Waiting for a Promotion…

Mood Palette
ILLUMINATION
Published in
2 min readAug 17, 2024

Soon, the list of promotions will be released. I’ve been anticipating this moment, but there’s a tiny voice in my head wondering how I’ll react if I don’t get it.

Photo by Jonathan Cosens Photography on Unsplash

Honestly? I feel like I’ve earned this promotion more than some of the others competing for the same role. I’ve put in late nights, skipped parties, and given my all without really worrying about the promotion — until a few days ago.

I worked this hard because I fear disappointing people, which drives me to put in extra hours, ensuring that the tasks assigned to me are completed on time. I didn’t take unnecessary sick leaves and never hesitated to take on challenges.

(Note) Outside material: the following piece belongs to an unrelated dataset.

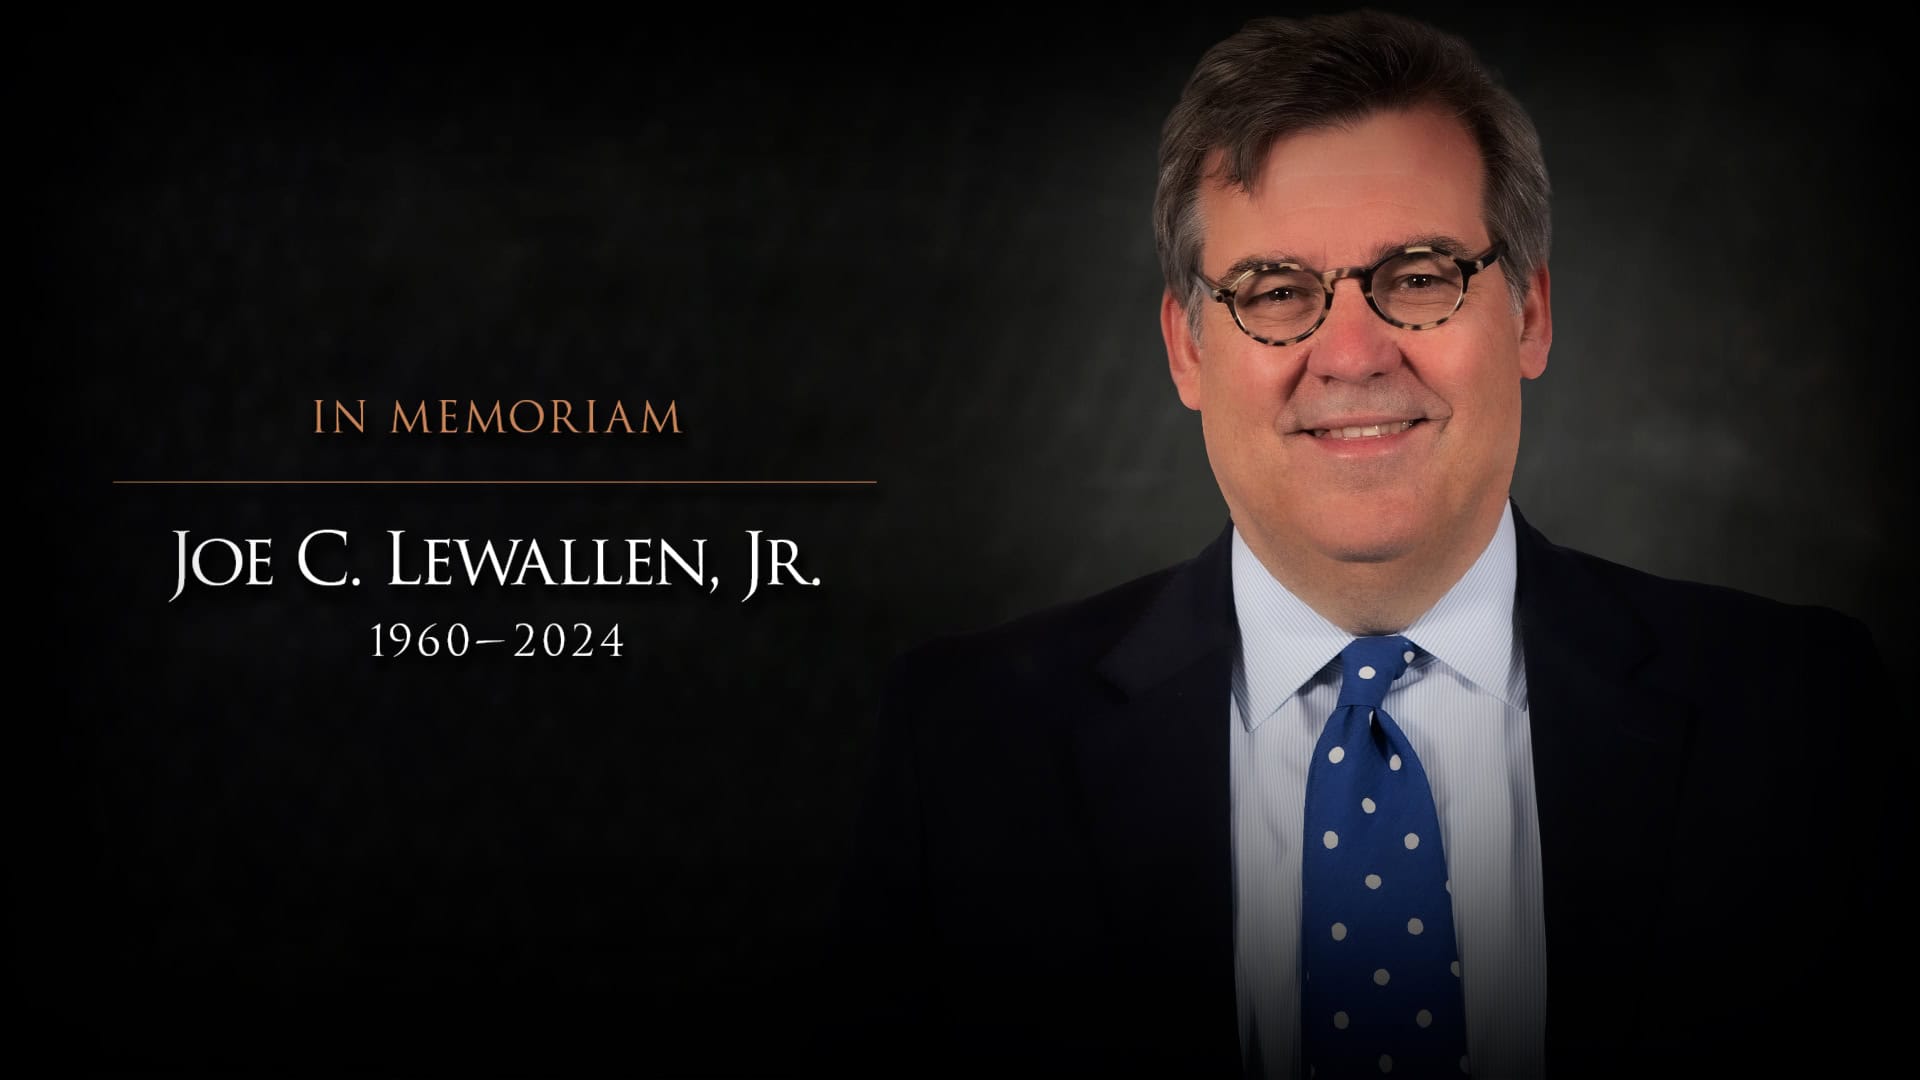 Official firm portrait of Joe Lewallen for his "In Memoriam" tribute

I know I should have a work-life balance, and I try to maintain a good life outside of work. But… I still put in more effort than needed. Sometimes, maybe because I am a woman among so many men, I fear that if I don’t work hard, my accomplishments will be undermined.

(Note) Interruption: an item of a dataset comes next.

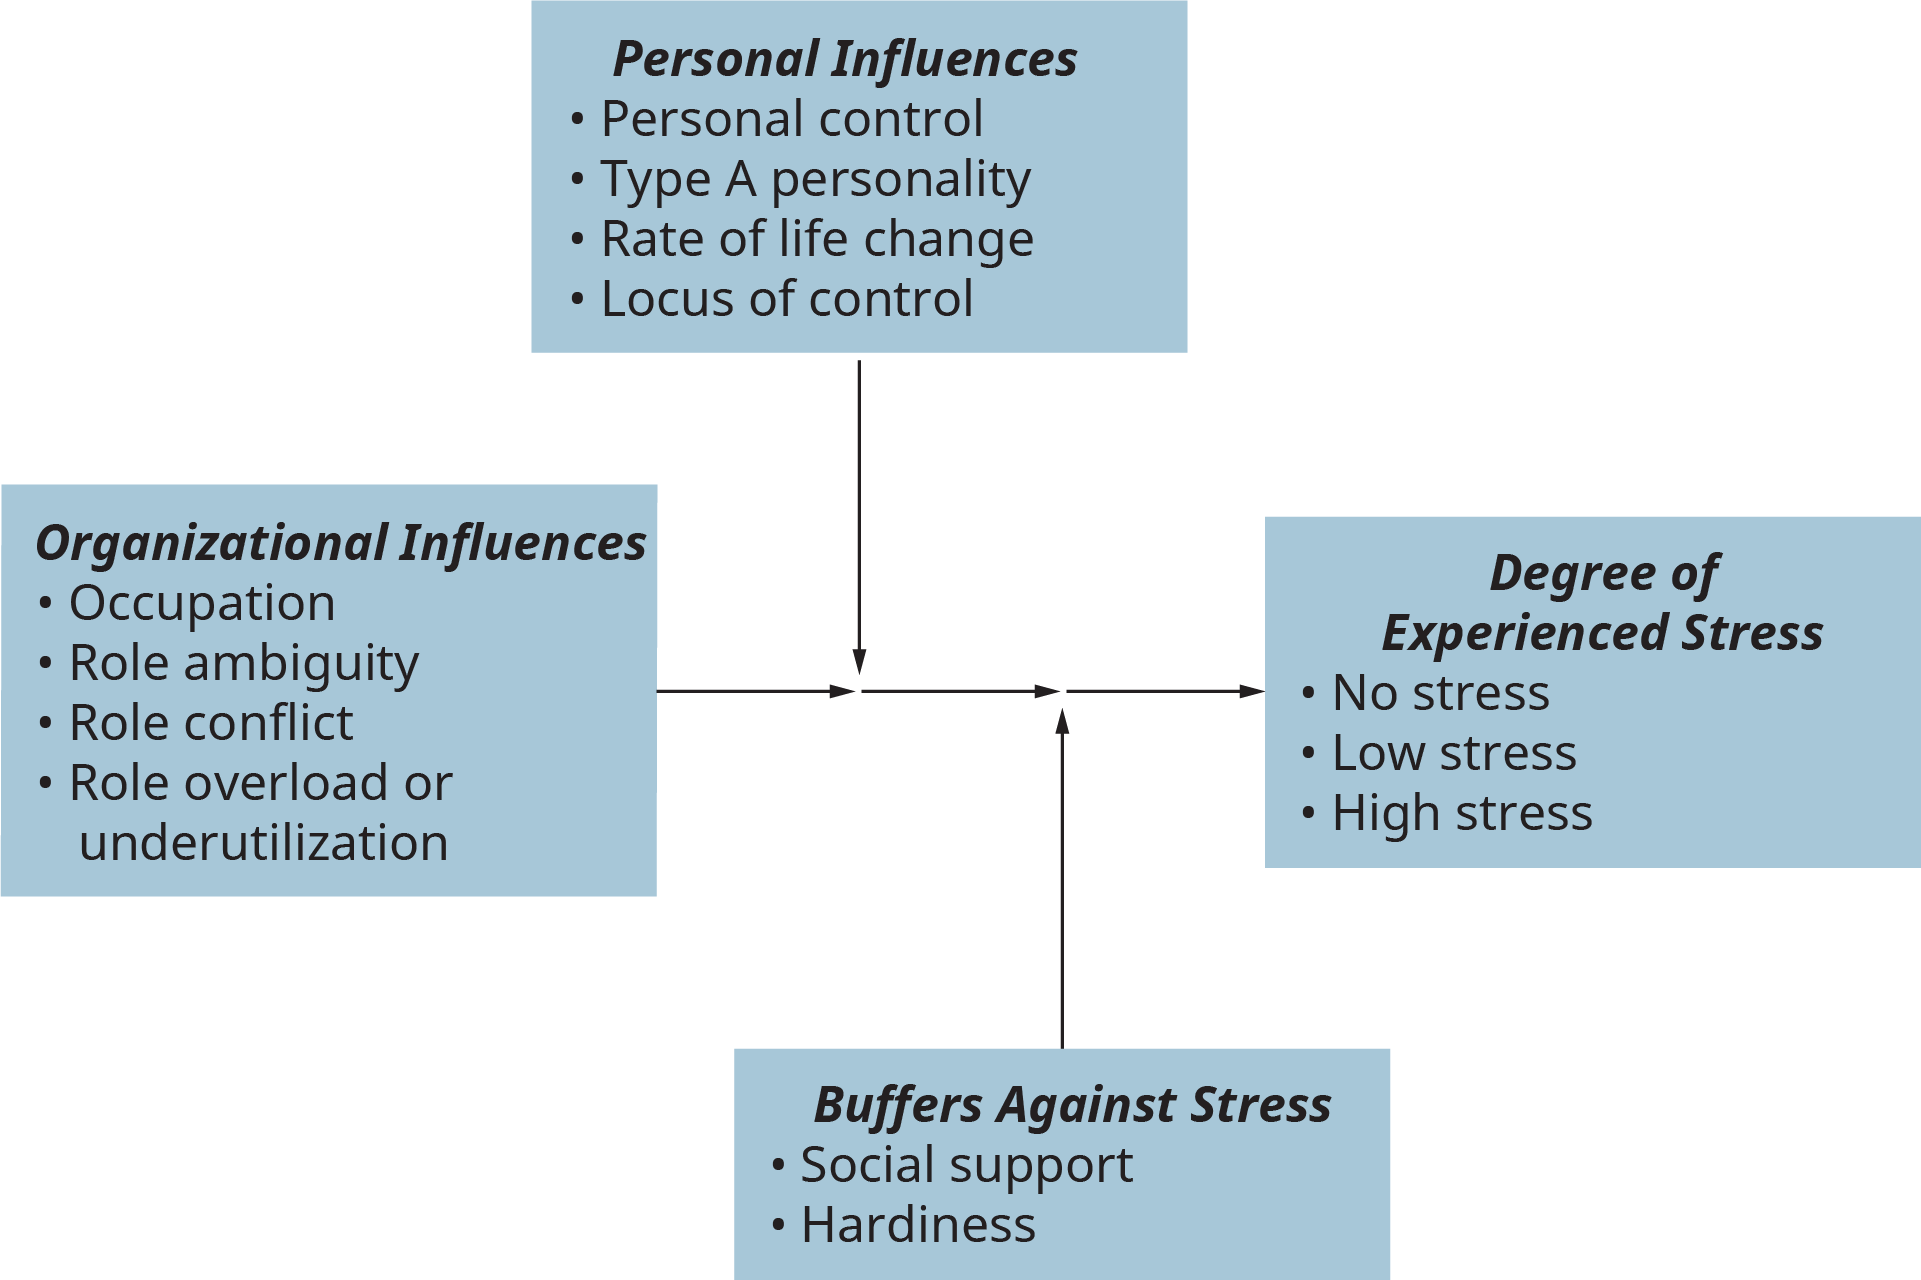 Una ilustración muestra las principales influencias en el estrés relacionado con el trabajo, los efectos amortiguadores sobre el estrés relacionado con el trabajo y el grado de estrés experimentado.

I’ve seen this happen before — the whispers and unfair judgments. “She only got promoted because she’s a girl,” they said as if her hard work and dedication meant nothing. Hearing those dismissive comments pushed me to put in even more hours, to prove beyond a doubt that my accomplishments stand on their own.

Now, if I don’t get this promotion, I know I’ll be disappointed. Maybe I’ll judge those who do get it and find reasons why they shouldn’t have. My pettiness will try to protect my emotions, and I just hope I can overcome it without judging myself.

For now, I’m choosing to focus on what I’ve accomplished, letting go of what I can’t control, and trusting that I’ve done my best.